Evaluating HyperImmunISE Constructs in Amber¶
With the installation of Amber, navigate to the installed directory:
$ source amber.sh
Made folder called Simulations:
$ mkdir Simulations/
$ cd Simulations/
Copy your desired .pdb structure to this folder.
Navigate to the AmberTools/src/ folder and run cpptraj:
$ cpptraj
$ cd Simulations/
$ parm <path_to_file>/<filename>.pdb
$ loadcrd <path_to_file>/<filename>.pdb MyCrd
$ prepareforleap crdset MyCrd name Final out <path_to_file>/leap.<filename>.in leapunitname mol pdbout <path_to_file>/<filename>.cpptraj.pdb nowat noh keepaltloc highestocc
$ quit
Edit the resulting .in file to have the following:
At the top:
source leaprc.protein.ff19SB
source leaprc.GLYCAM_06j-1
source leaprc.water.opc3
loadAmberParams frcmod.ionslm_126_opc
and at the bottom:
solvateOct mol OPC3BOX 8.0
addIons mol Cl- 0
addIons mol Na+ 0
saveAmberParm mol <filename>.prmtop <filename>.inpcrd
quit
Navigate to the Amber bin folder and then run tleap and parmed:
$ tleap -f <path_to_file>/leap.<filename>.in
$ parmed
$ parm <filename>.prmtop
$ HMassRepartition
$ outparm <filename>_hmr.prmtop
$ quit
Move the resulting .prmtop, inpcrd, and _hrm.prmtop files to the Simulations folder and navigate there.
Make the following files:
File - minimize.in
Minimize
&cntrl
imin=1,
ntx=1,
ntxo=1,
irest=0,
maxcyc=5000,
ncyc=2500,
ntpr=250,
ntwx=0,
cut=8.0,
/
File - heat.in
Heat
&cntrl
imin=0,
ntx=1,
ntxo=1,
irest=0,
nstlim=11000,
dt=0.004,
ntf=2,
ntc=2,
tempi=200.0,
temp0=310.0,
ntpr=100,
ntwx=100,
ntwr=1000,
cut=8.0,
ntb=1,
ntp=0,
ntt=2,
vrand=1000
ig=-1,
/
&wt type=’TEMP0’, istep1=0, istep2=10000, value1=200.0,
value2=310.0 /
&wt type=’TEMP0’, istep1=10001, istep2=11000, value1=310.0,
value2=310.0 /
&wt type=’END’
File - equilibrate.in
Equilibrate w/ HMR
&cntrl
imin=0,
ntx=1,
ntxo=1,
irest=0,
nstlim=25000000,
dt=0.004,
ntf=2,
ntc=2,
tempi=310.0,
temp0=310.0,
ntpr=100000,
ntwx=50000,
ntwr=1000000,
cut=8.0,
ntb=2,
ntp=1,
ntt=2,
vrand=10000,
ig=-1,
/
The following commands are best run on a computing cluster:
$ module load cuda
$ cd <path_to_amber>
$ source amber.sh
$ cd Simulations
$ ../bin/sander -O -i minimize.in -o minimize.out -p <filename>_hmr.prmtop -c <filename>.inpcrd -r min.rst7
$ ../bin/pmemd.cuda -O -i heat.in -o heat.out -p <filename>_hmr.prmtop -c min.rst7 -r heat.rst7 -x heat.nc
$ ../bin/pmemd.cuda -O -i equilibrate.in -o equilibrate.out -p <filename>_hmr.prmtop -c heat.rst7 -r equilibrate.rst7 -x equilibrate.nc
GPU-based MD simulation¶
MD simulations can be run on GPU using pmemd.cuda.

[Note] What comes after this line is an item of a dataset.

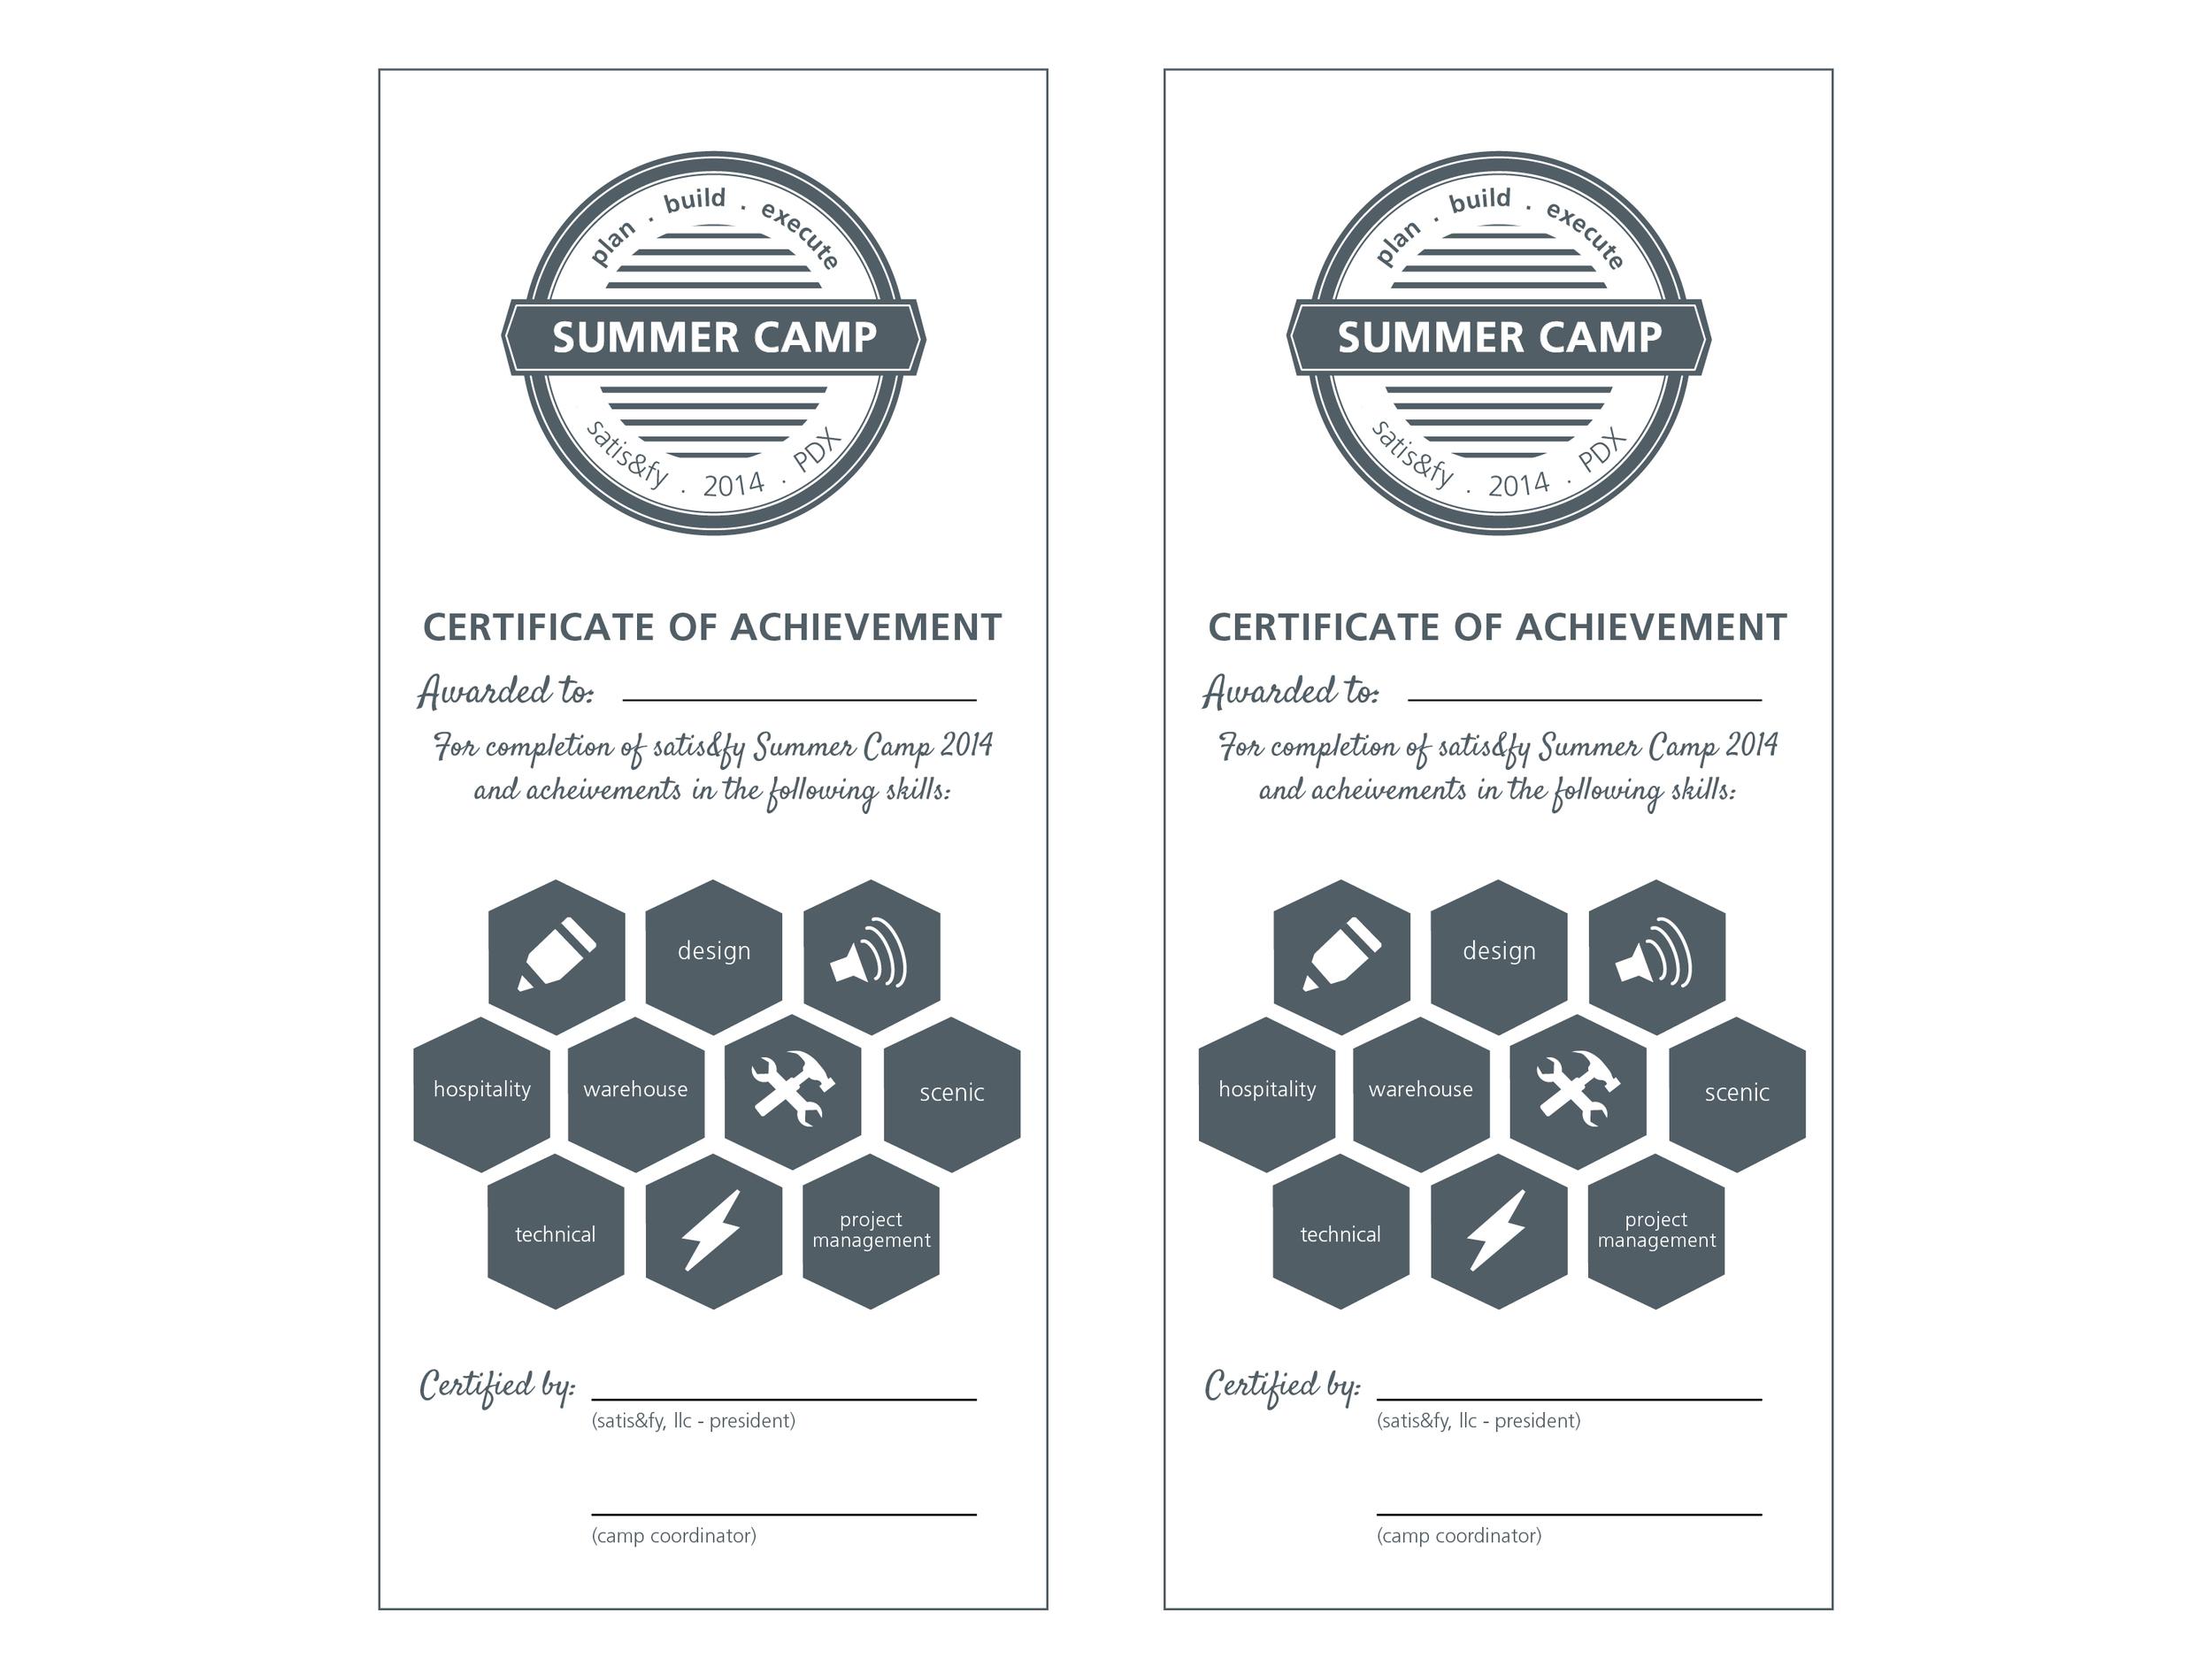 web_summercamp_certificate.jpg

For HPC or server-based workflows, enter a GPU node first and verify that the GPU is properly available by running nvidia-smi. This check should be done before launching the simulation.
In some cases, pmemd.cuda is not included in the installed Amber version. This is common with AmberTools 25. When that happens, load a CUDA environment earlier than version 13, download pmemd24.tar.bz2 from the Amber organization website, build it locally, and use the compiled executable for GPU simulation.

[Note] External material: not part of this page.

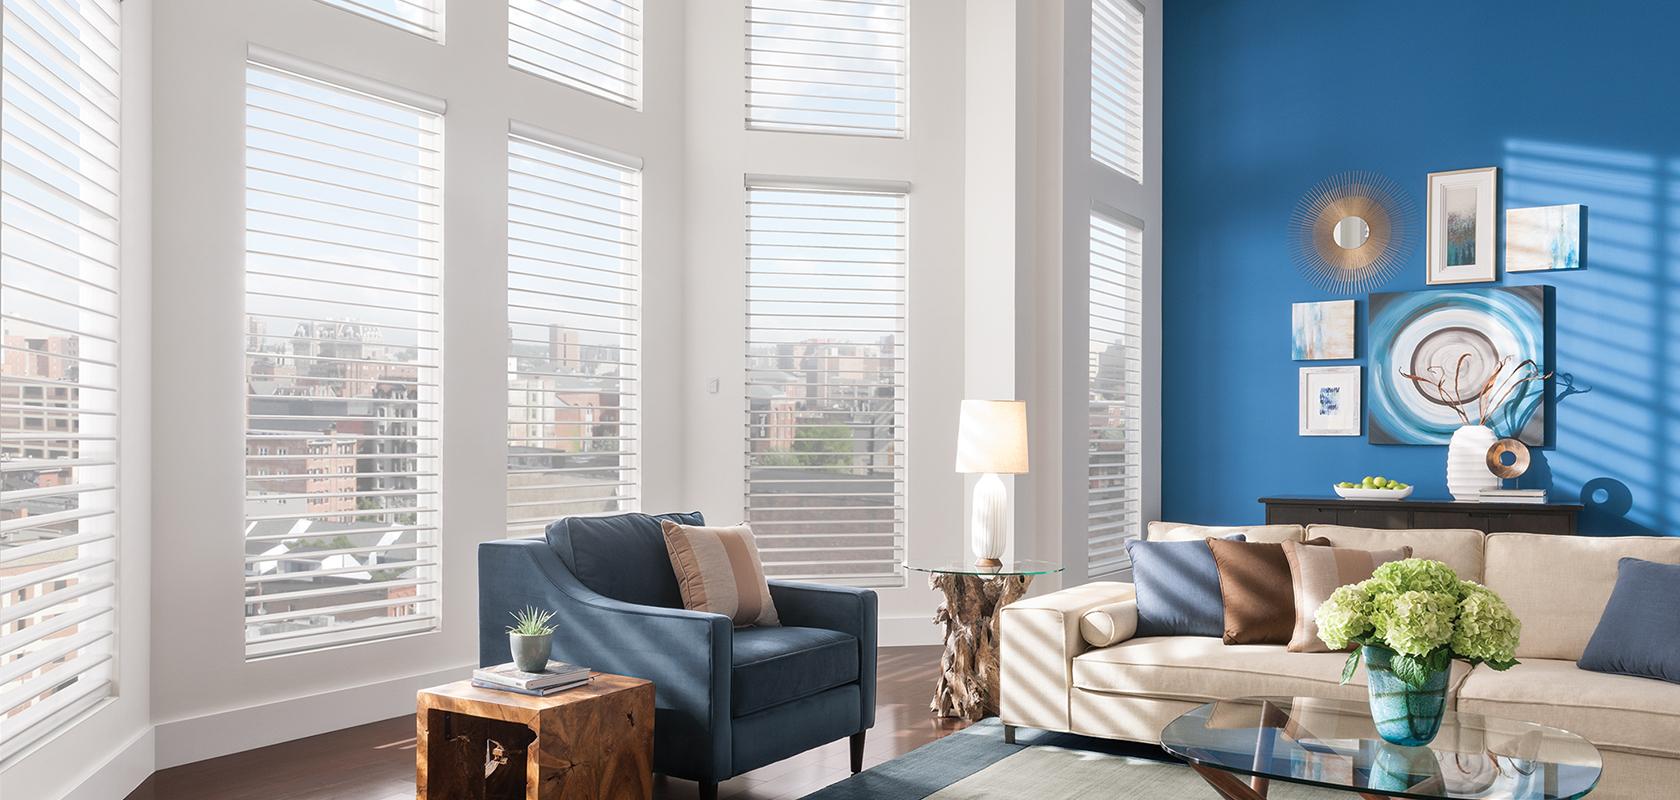 room scene window blinds

Then load the conda environment which contains a mdtraj environment (install with pip or conda if you don’t have it) and run the following:
import mdtraj as mdtraj
import os
os.chdir('Simulations')
mtraj = mdtraj.load("equilibrate.nc", top="<filename>_hmr.prmtop")

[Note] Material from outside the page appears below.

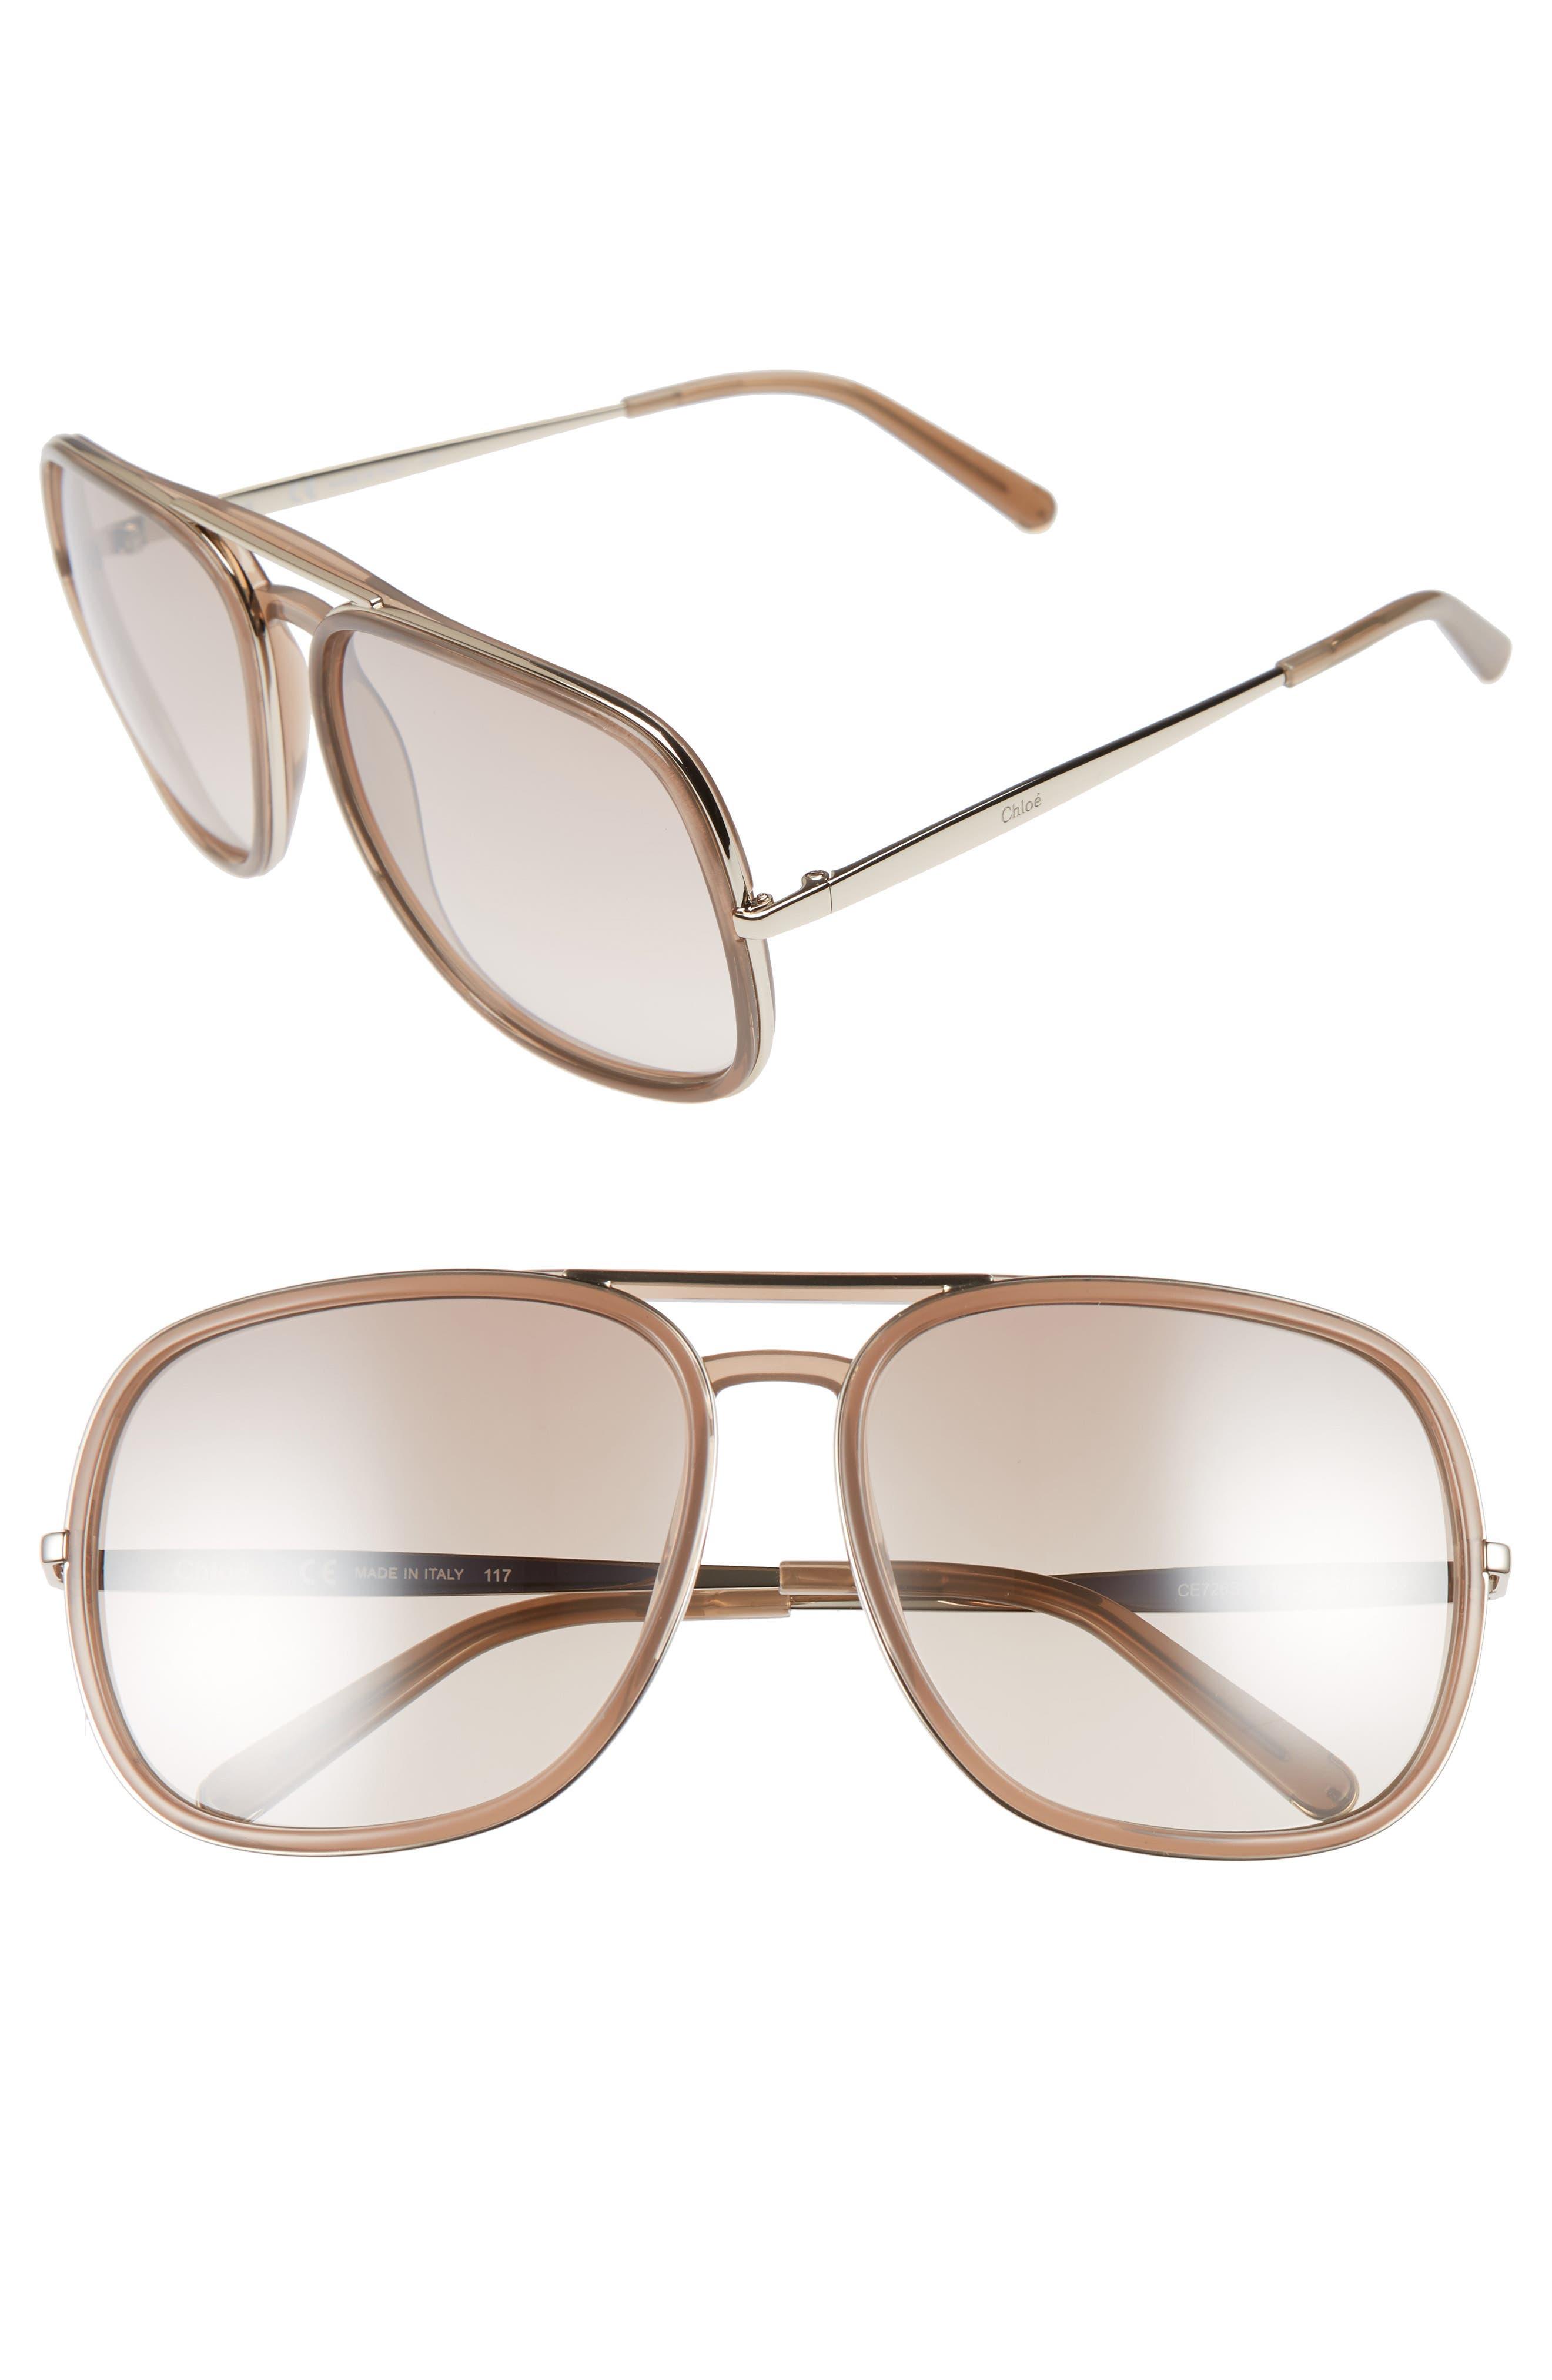 Alternate Image 1 Selected - Chloé 60mm Gradient Lens Navigator Sunglasses

mtraj=simul.remove_solvent()
mtraj.save_pdb("<filename>_nosolvent.PDB")
sr = mdtraj.shrake_rupley(mtraj, probe_radius=1, mode='residue')
avg_sr = np.mean(sr,0)
np.savetxt("avg_sr.csv",avg_sr,delimiter=",")
The corresponding degree of blocking will be shown in the “avg_sr.csv” file and the numbering will follow the PDB numbering on your input design.